Museveni gradually relented. The number of condoms delivered and promoted by international groups rose from just 1.5 million in 1992 to nearly 10 million in 1996, most paid for by the U.S. Agency for International Development. Uganda eventually adopted a national plan to distribute condoms whose packages featured pictures of healthy, amorous young couples.

But their role in curbing the epidemic is unclear.

Kampala's decline in new infections began in 1990 and ended by 1994, according to an analysis by U.S. researchers Rand L. Stoneburner and Daniel Low-Beer, meaning the change happened before massive condom imports began. The key factor in this reversal, they concluded based on models of the epidemic and surveys from the time, was the decision by Ugandans to have fewer casual sex partners.

One national survey in 1995 found that more than half of Ugandans said they were sticking to one sexual partner to protect themselves from AIDS. Only 11 percent of men and 2 percent of women said they were using condoms for that reason.

The major push on abstinence began even later, several years after Uganda had its dramatic decline in new infections. And though surveys have shown a gradual decrease in the age when youths here begin having sex, the connection to infection rates remains unproved. A 2005 journal article by national health officials here reported that among adult Ugandans, those who started having sex at 16 are no more likely to have HIV than those who started at 19.

Despite the uncertain science behind both condom promotion and abstinence training, AIDS activists worldwide hotly debated them after President Bush created his $15 billion anti-AIDS program in 2003. The program endorsed a prevention strategy called "ABC," for "Abstain, Be Faithful and Condomize," with $1 billion set aside for abstinence programs alone.

In the international debate that followed, conservatives rallied for abstinence, liberals for condoms. Each side bashed the other's strategy. And attention to the one element that clearly worked -- fidelity -- dwindled, even in Uganda.

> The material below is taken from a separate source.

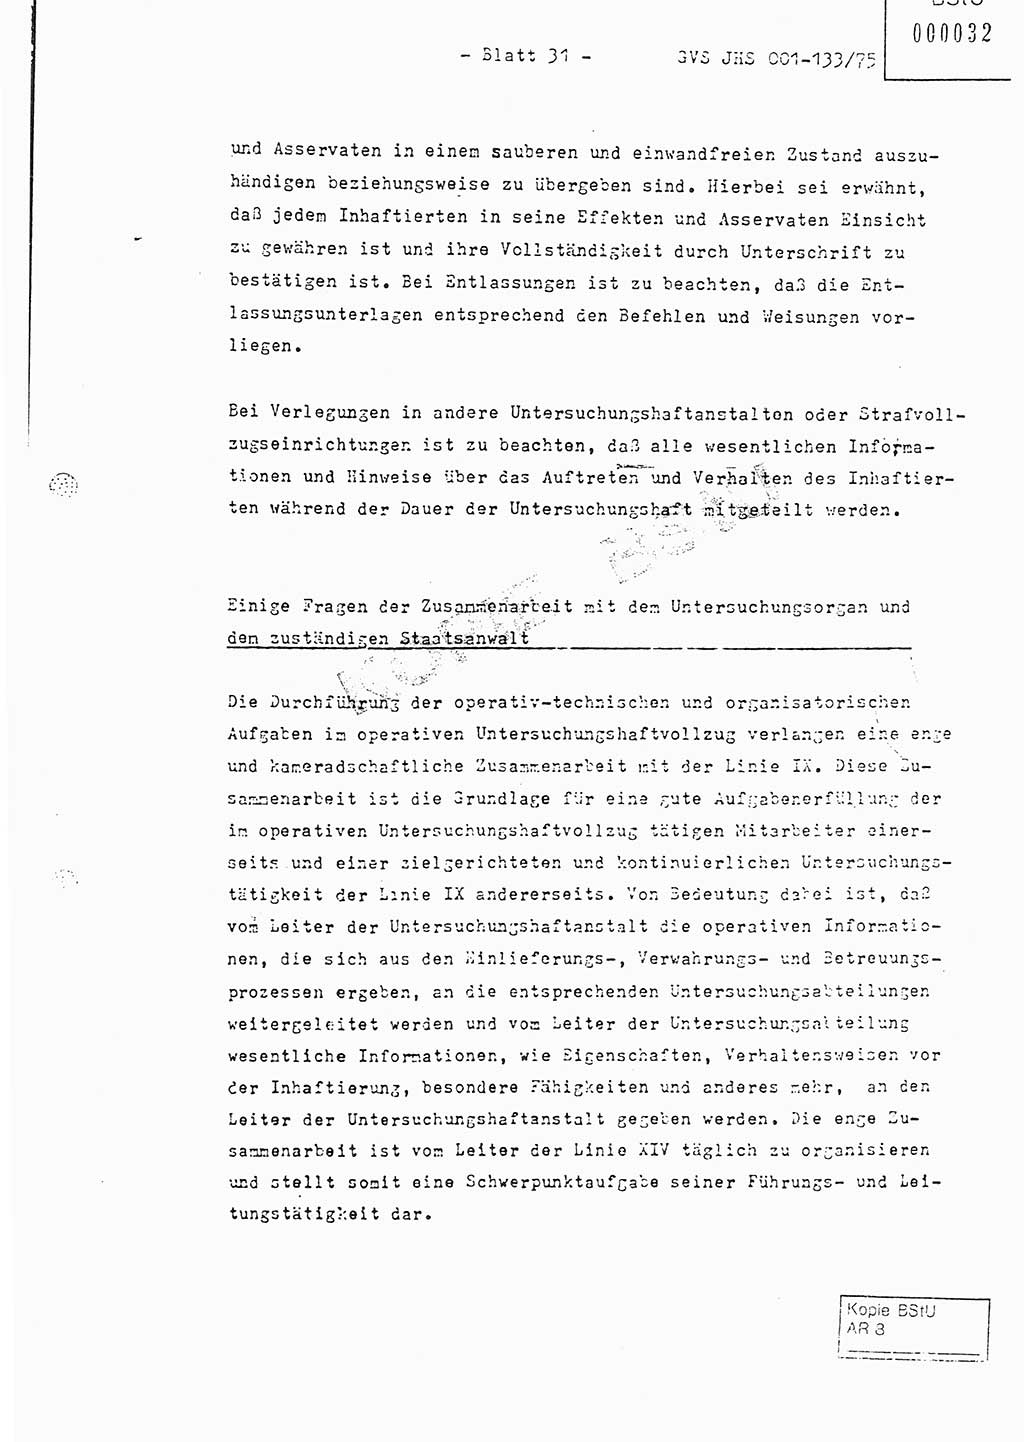 Fachschulabschlußarbeit Major Werner Braun (Abt. ⅩⅣ), Hauptmann Klaus Zeiß (Abt. ⅩⅣ), Ministerium für Staatssicherheit (MfS) [Deutsche Demokratische Republik (DDR)], Juristische Hochschule (JHS), Geheime Verschlußsache (GVS) 001-133/75, Potsdam 1976, Blatt 31 (FS-Abschl.-Arb. MfS DDR JHS GVS 001-133/75 1976, Bl. 31)

Fueling confusion were the dynamics of AIDS itself. A decade often separates the date of HIV infection and death. So Ugandan health officials did not know they had made great strides against the epidemic until recently, when researchers identified those early years of zero grazing as decisive.

By then, the initiative had been overtaken by big-budget, bureaucratic programs that resembled those in most African countries. Persuading Ugandans to stay faithful to their partners was no longer the focus.